Generally, the higher porosity values plunge across the constant sand line, while lower porosity values plunge across the friable cement line. These reservoir formations can therefore be interpreted as poorly cemented sand to unconsolidated sands, which can be good quality reservoirs.

Rock physics template acoustic impedance versus Vp/Vs

The rock physics template of Vp/Vs ratio versus acoustic impedance crossplots calculated from well log data after the application of Gassmann fluid substitution were used to diagnose the reservoir rocks further. It is easily observable that the reservoir formations show very high values of Vp/Vs ratio in the region of 2.15 to 3.35 and low acoustic impedance of 3000 to 5000 g/cm3 × m/s (Fig. 9). This may be interpreted that the hydrocarbons saturated intervals may have slight cementation at their grain contacts, which made these sediments stiffer (Avseth et al., 2005). This stiffness gave peaks in the Vp values, which may mask the light hydrocarbon effect on Vp and Vs values to some extent. This masking due to cementation increased Vp/Vs ratio and brings the cluster of data right across the contact cement line and water saturated sandstone line. This may therefore confirm the reservoir rocks to be turbidite sands because of slight cementation.

Fig. 9
figure 9

Crossplots of Vp/Vs against AI of N-001 well colour coded by density (Rho)

Conclusion

Rock physics diagnostics was carried out in this study to quantitatively analyse lithologies encountered in order to de-risk exploration prospects in this field. The petrophysical analysis revealed that the reservoir sands possess good pore interconnectivity and sufficient hydrocarbon saturation for commercial production. The derived localized relationship between VP and VS via statistical linear regression analysis predicts Vs from Vp with high level of precision and fits a large population analysis of the other wells and therefore is suitable for the Niger Delta deep offshore sediments. Compaction study revealed that at a certain depth, quartz cementation of sands occurred and velocity of sandstones became higher than that of uncemented sands at the mechanical zone. This depth represents very significant seismic boundary in the field.

Porosity-velocity crossplot accounts for the percentage of clay content in the reservoir sands. The model quantitatively revealed that the reservoir sand data points contained percentage of clay content typical of turbidite sands. The cement models (constant, contact and friable models) revealed depositional and depth related diagenetic influences on reservoir rock properties. The reservoir sands occurring majorly at the mechanical zone are poorly cemented to unconsolidated.
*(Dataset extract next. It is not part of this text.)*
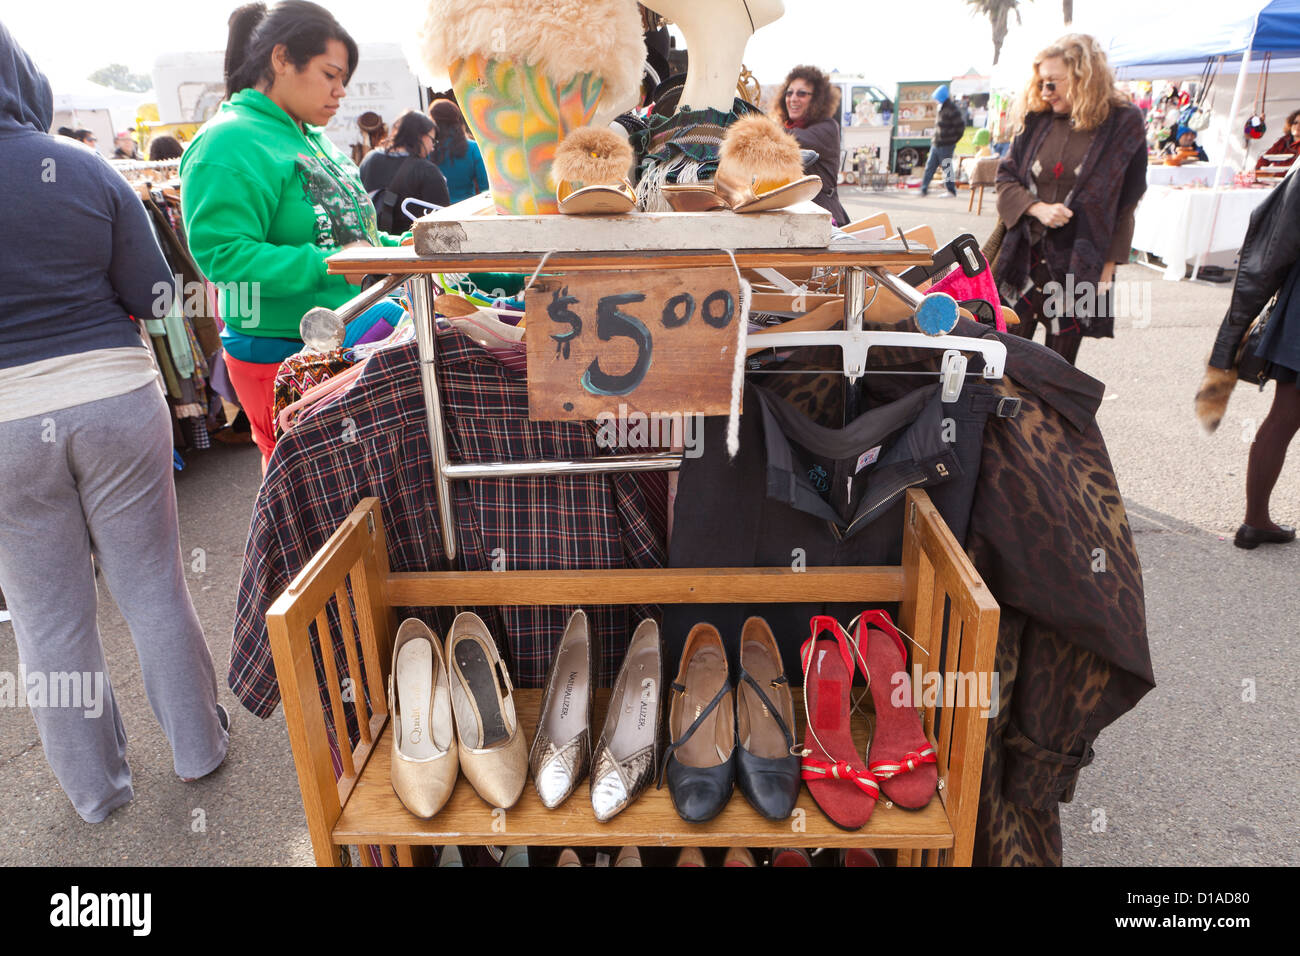 Ladies shoes and clothes on rack at an outdoor flea market - USA Stock Photo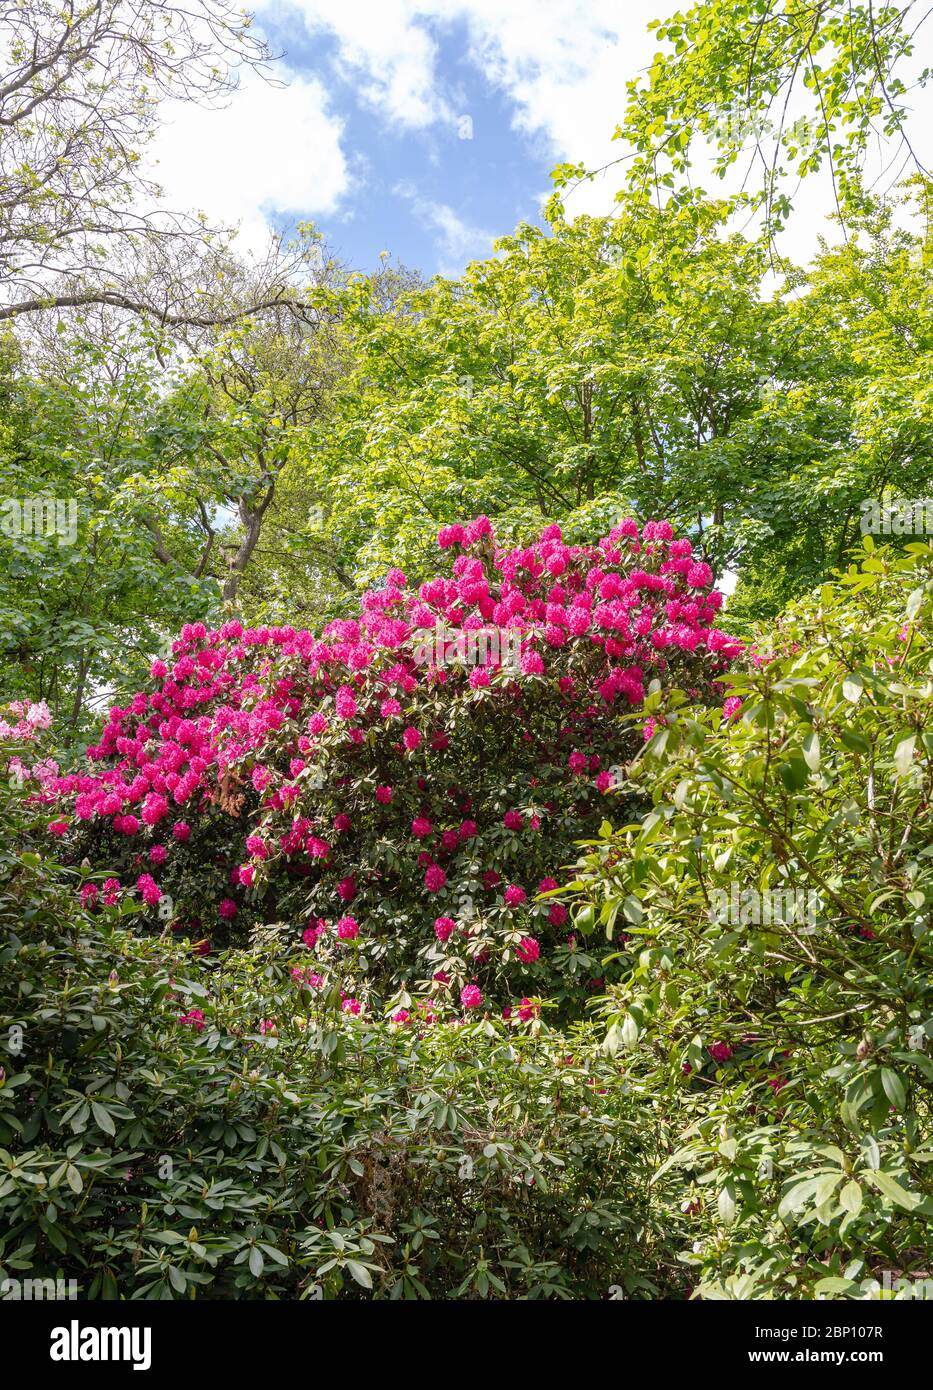 Rhododendron shrub in a woodland setting.  Blooming magenta flowers lie hight up amongst shrubs and trees. A blue sky with clouds is above. Stock Photo

The two models indicate that the reservoir sands in the study area are both influenced by depositional trends and depth related diagenetic effects. Finally, rock physics template of acoustic impedance and VP/VS crossplot were also used to study fluid as well as cementation effect on the rock properties. These plots indicate that the reservoir intervals have slight cementation at their grain contacts, which made the sediments stiffer. This stiffness gave peaks in the VP values, which may mask light hydrocarbon effect on VP and VS values to some extent.